The FPU in stm32f401 is perfect for such, it saves encoding a big table. This kind of iterative stuff used to be done on bigger computers, it is cool that microcontrollers are fast enough for all these and close to real time.

I'd refrain from publishing this as a library, and I'd like to put in a note of caution as Newton's method is susceptible to numerical issues, some related to the functions, others related to degenerate floating point issues and may not converge. It has been working for me tested for days running on it, but there is no assurance that it'd always converge for all values. Hence, you'd need to test it yourself if you want to use it. i.e. this is possibly not safe to use in a safety related context. e.g. if you use it as input to a feedback loop, if it stalls in the loop, you could possibly imagine your heater going to very high temperatures possibly causing fires while it goes in an infinite loop and don't converge, providing no temperature values to the app. However, Newton's method is known to be a fast converging solver if it finds a solution.

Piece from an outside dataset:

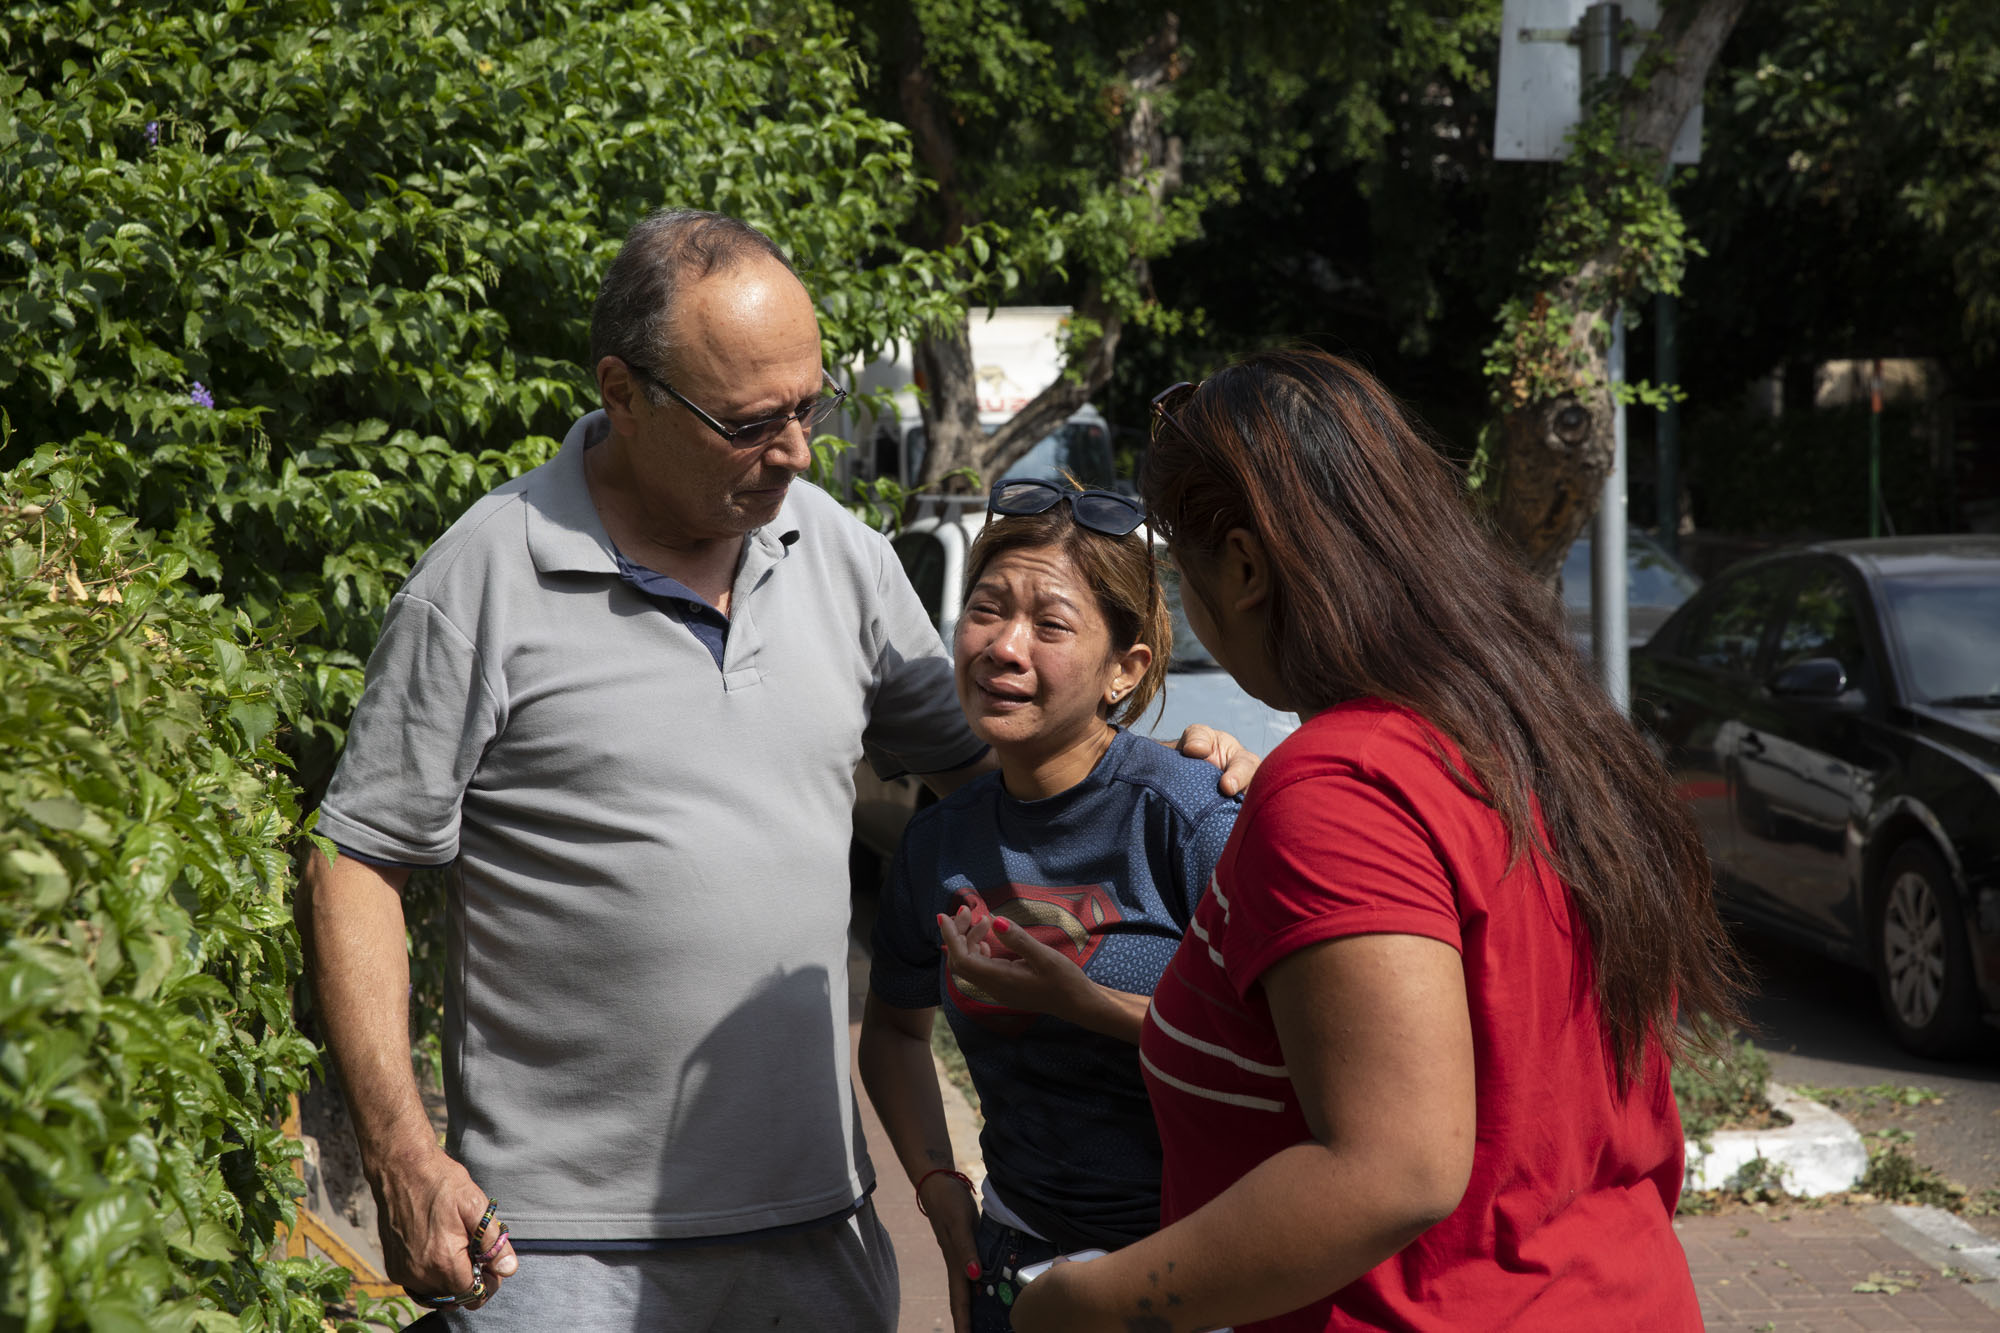 A friend of Geraldine Esta is seen afterEsta and her daughters were taken into custody, July 23, 2019. (Oren Ziv/Activestills.org)

This would possibly run on other lines e.g. those without an FPU, but likely slower.

#### ag-123

Joined Apr 28, 2017
61
For reasons, I'm not sure, the results I've got hasn't been great with LMT86 on stm32f401.

LMT86 https://www.ti.com/product/LMT86

I'm seeing temperature values like this, it is room temperature and nothing changed:

600 values of temperature readings, 1 sample / s

I've had to discard about 100 values > +/- 0.5 sigma (standard deviation) from the mean to get this

~500 values with values outside +/- 0.5 sigma removed

now the mean temperature is 31.3 deg C, sigma 0.22

using 95% confidence interval about 2 sigma, this gives the temperature sensor accuracy about +/- 0.45 that is in line with the specs

https://www.ti.com/lit/gpn/lmt86

This result is rather poor, especially with the unfiltered results.

It is possibly not good enough for safety or accuracy critical use

I'm still puzzled with the wide variations in values, and I'm not sure what is causing it.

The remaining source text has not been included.